A girl with three biological parents - ColinWright
http://www.bbc.co.uk/news/magazine-28986843
======
fasteo
I did not want to comment in this thread as I am heavily biased and my opinion
cannot be very objective, but let me just try to clarify some facts:

About me: I do have a mitochondrial disease. In some of my cells, my
mitochondrial DNA is not complete.

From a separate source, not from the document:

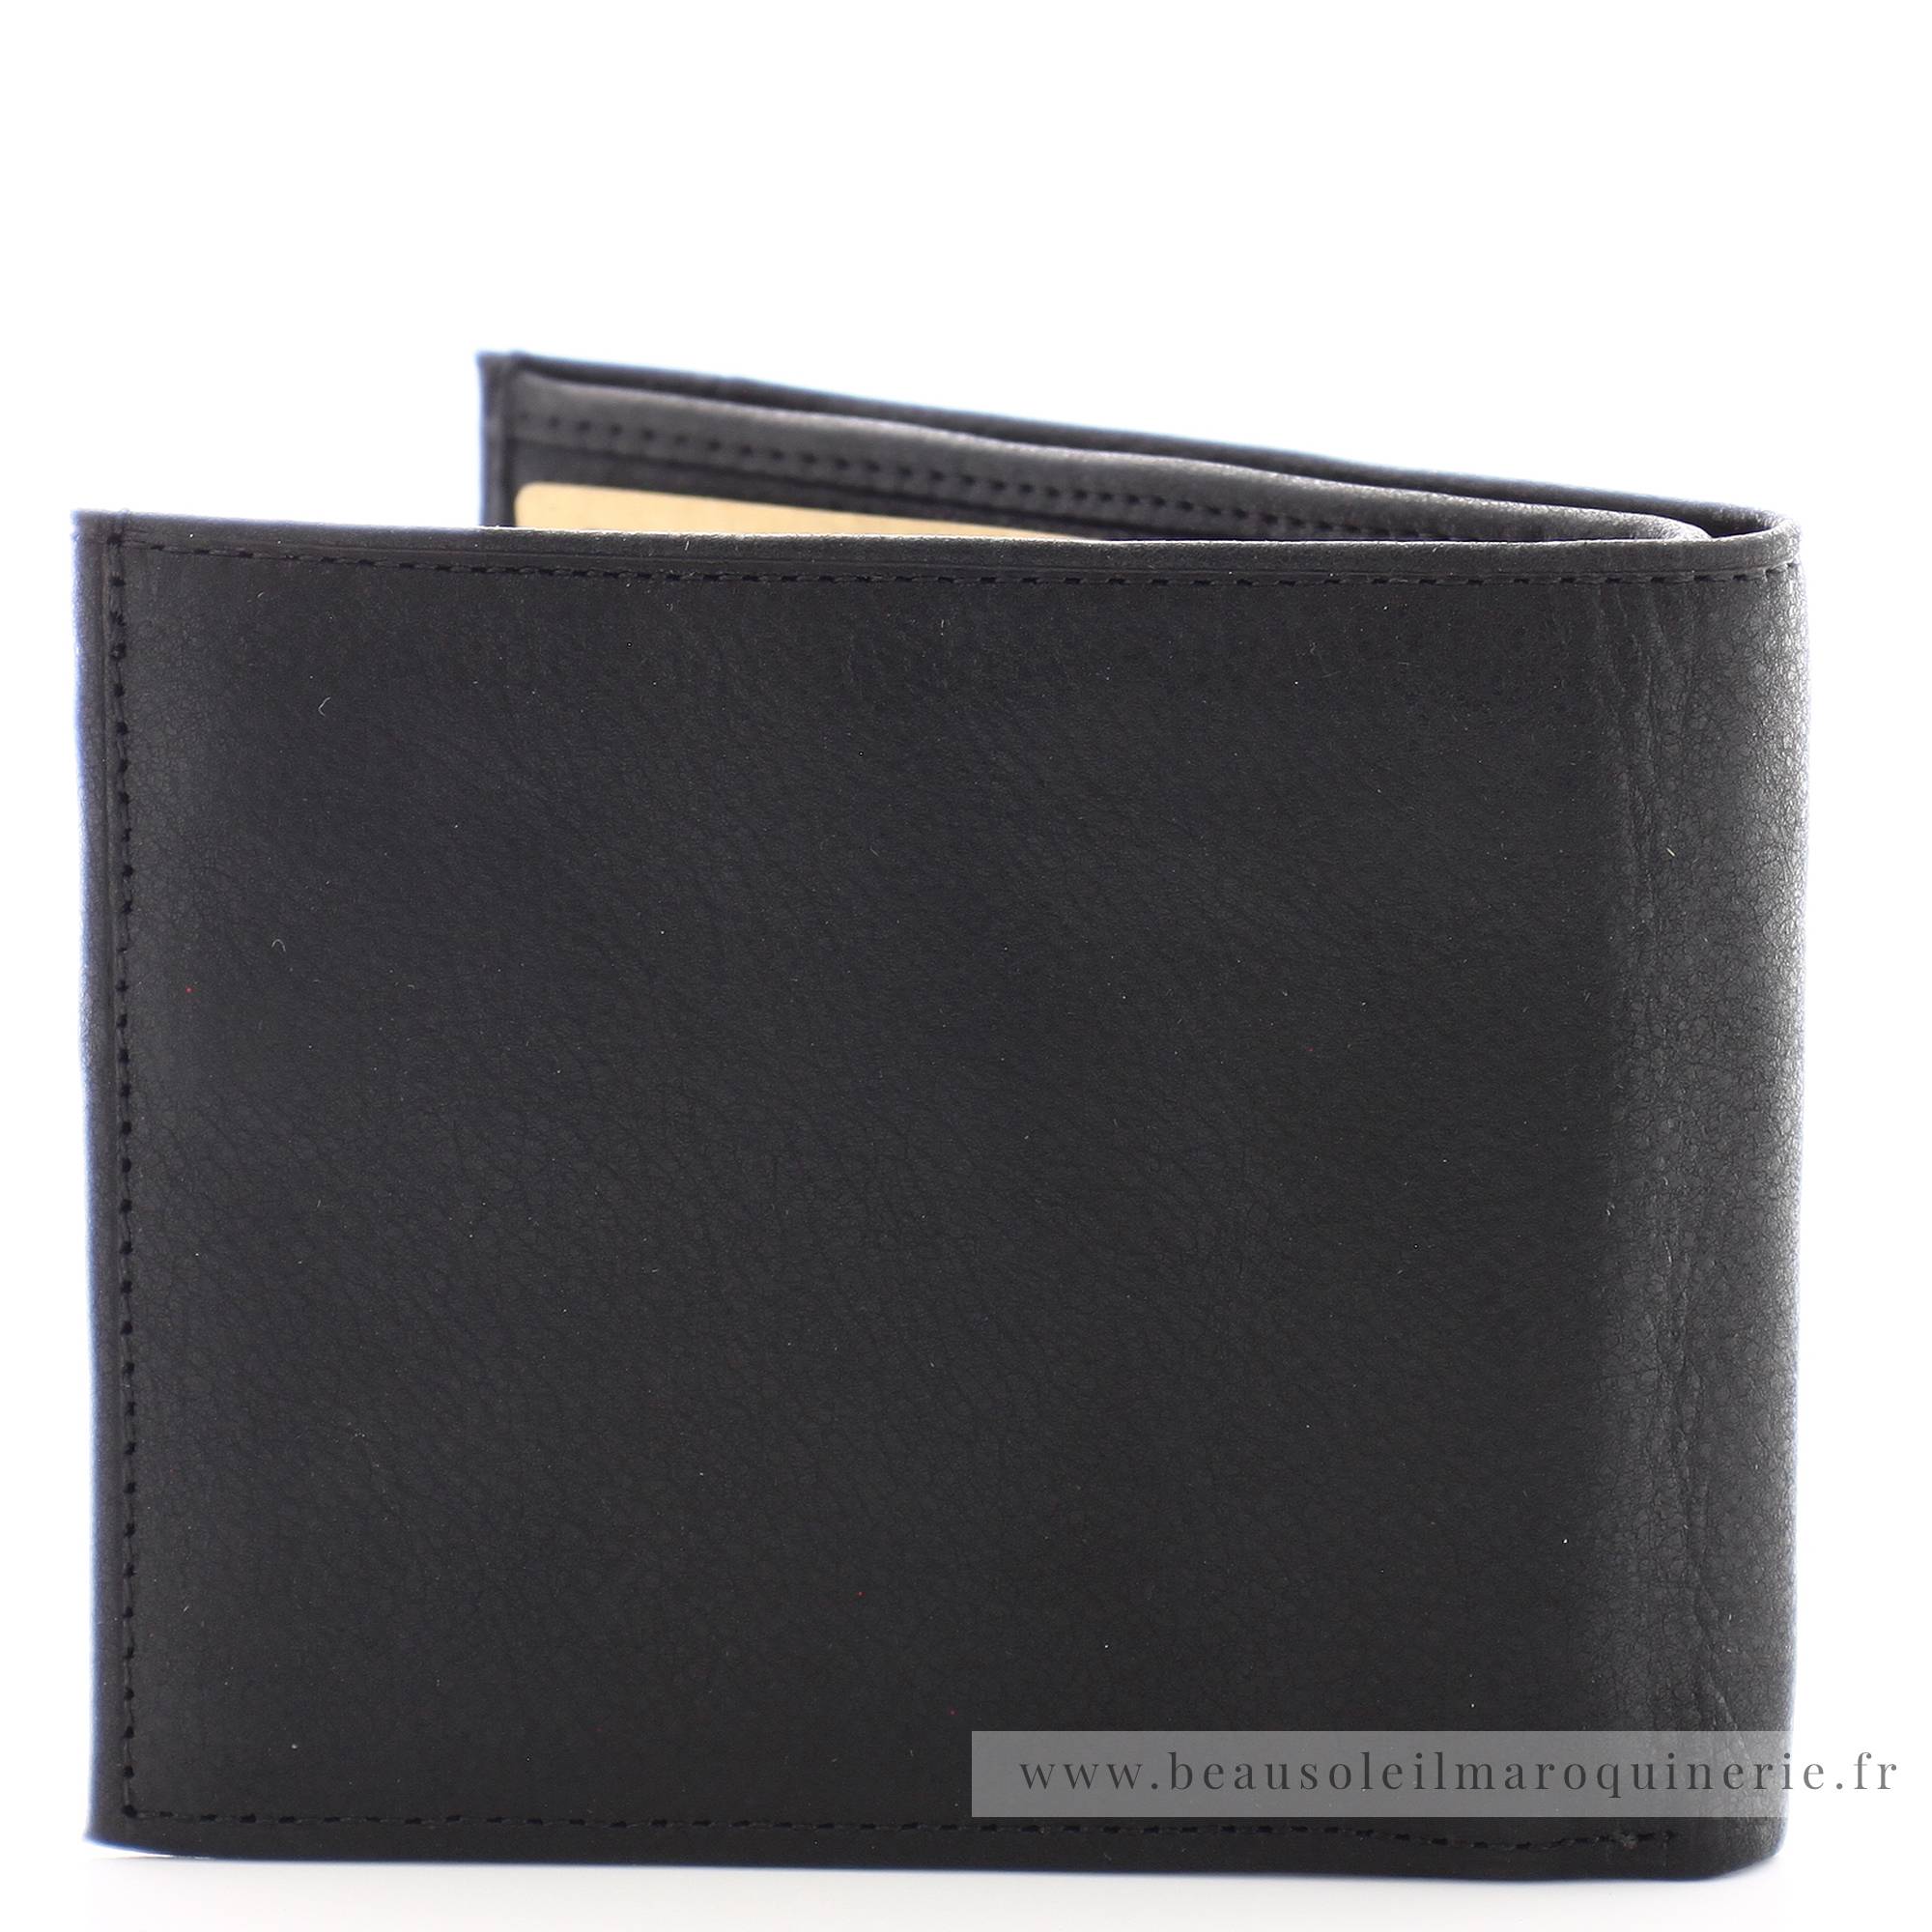 Porte cartes + monnaie en cuir de vachette Arthur & Aston 1438-573 A couleur noir vue de dos

If you think about it as a circle, about
one third of that circle is missing. It is called a "heteroplasmic single
deletion mtDNA mutation".

1\. The mitochondrial DNA, much like the nuclear DNA, is a blueprint for
building bits and pieces of our body.

2\. The mitochondrial DNA encodes parts that are necessary to build the
electron transport chain, i.e., to derive energy from food. In the car
analogy, it encodes parts of the core engine (spark, combustion chamber, etc);
the last step in the whole metabolic process.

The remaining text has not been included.